The liquid crystals on the SATNAV computer, the shortwave radio, consoles for LORAN C, a radio location system that I've never understood. The red numbers on the sounding device. The console of the navigational sonar. The inclinometer. A sextant on a tripod. Instrument panels. The phone to the engine room. Visibility dials. A radio locator. The automatic pilot. Two panels full of volt meters and control lights. And above all of it Lukas's alert, expressionless face.
The VHF emits a continuous crackle. Without shifting his gaze, the captain reaches over and turns it off. There is silence.
“You're on board because we needed a cabin attendant. A stewardess, as it's now called. Not for any other reason. That conversation we had was an employment interview, nothing else.”
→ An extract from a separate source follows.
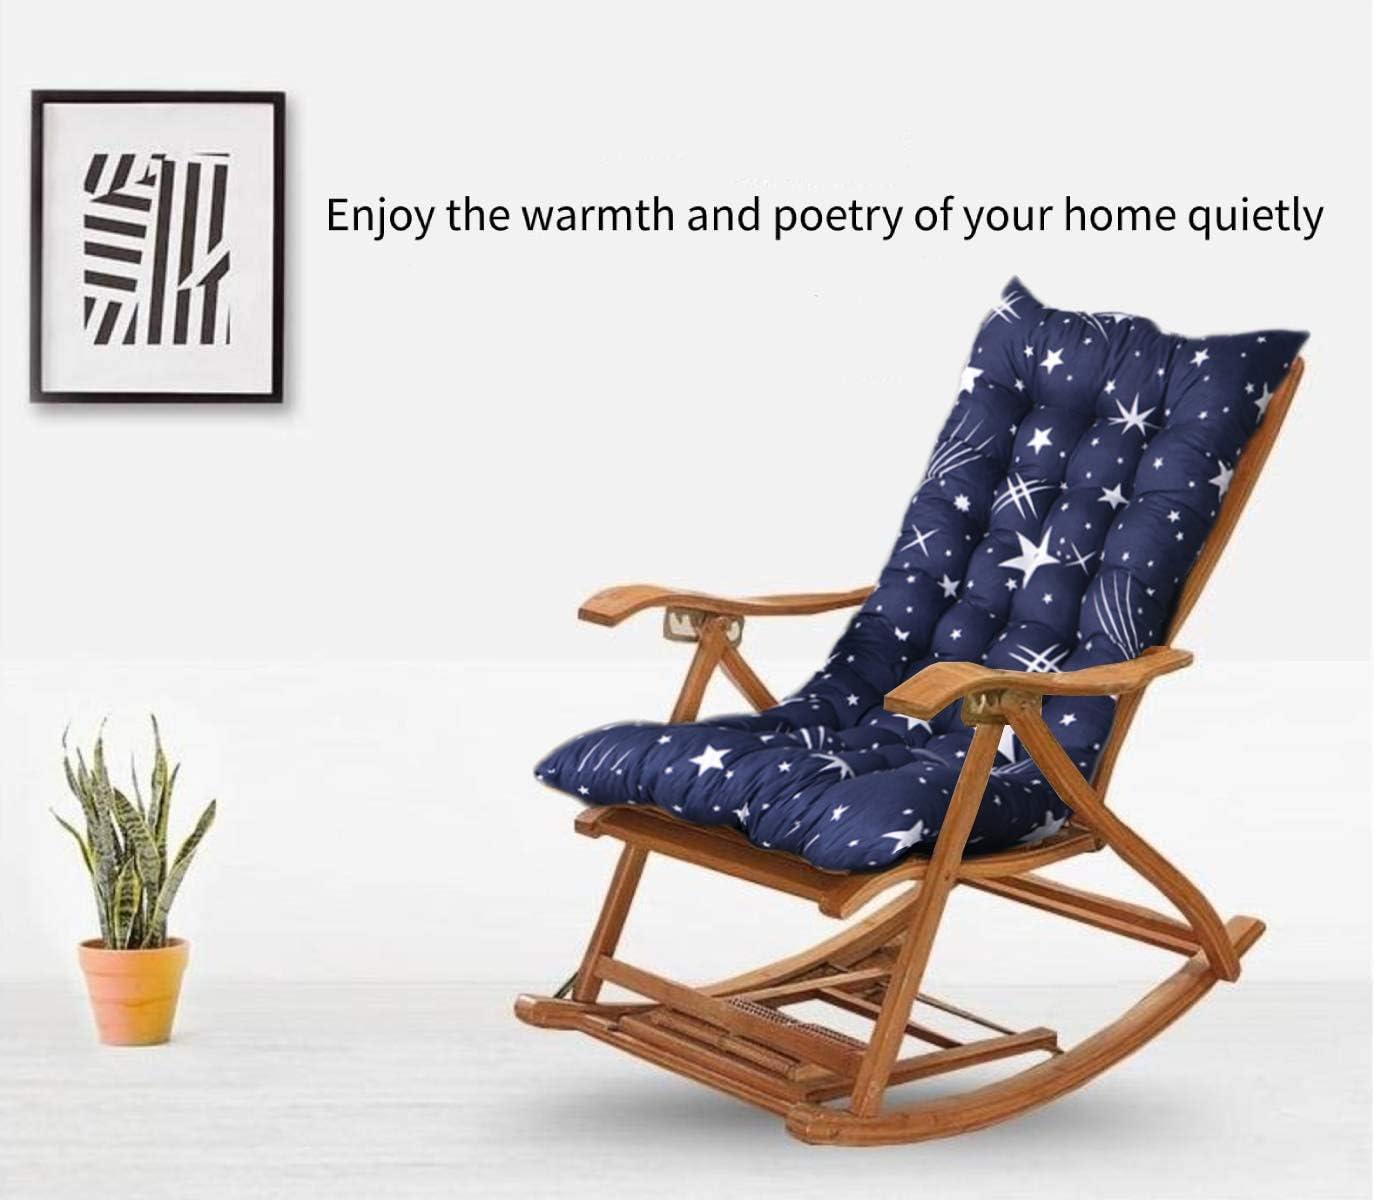 FF Era Non-Slip Rocking Chair Cushion, Sun Lounger Cushion high-Backed Cushion, Thick Extra Large Relaxer Thick seat Cushion Deck Chair Cushion Rocking Chair seat Cushion Garden Cushion Stars

In my floppy sea boots and much too large sweater I feel like a little girl being disciplined in school. Not once does he look at me.
“We haven't been able to find out where we're going. We'll be told later. Until then we're following our noses due north.”
There's something different about him. It's his cigarettes. They're gone. Maybe he doesn't smoke at sea. Maybe he sails to get away from the gambling tables and the cigarettes.
“First Mate Sonne will show you around and point out your work areas. Your duties include light cleaning, and you're responsible for the ship's laundry. You will also occasionally wait on the officers.”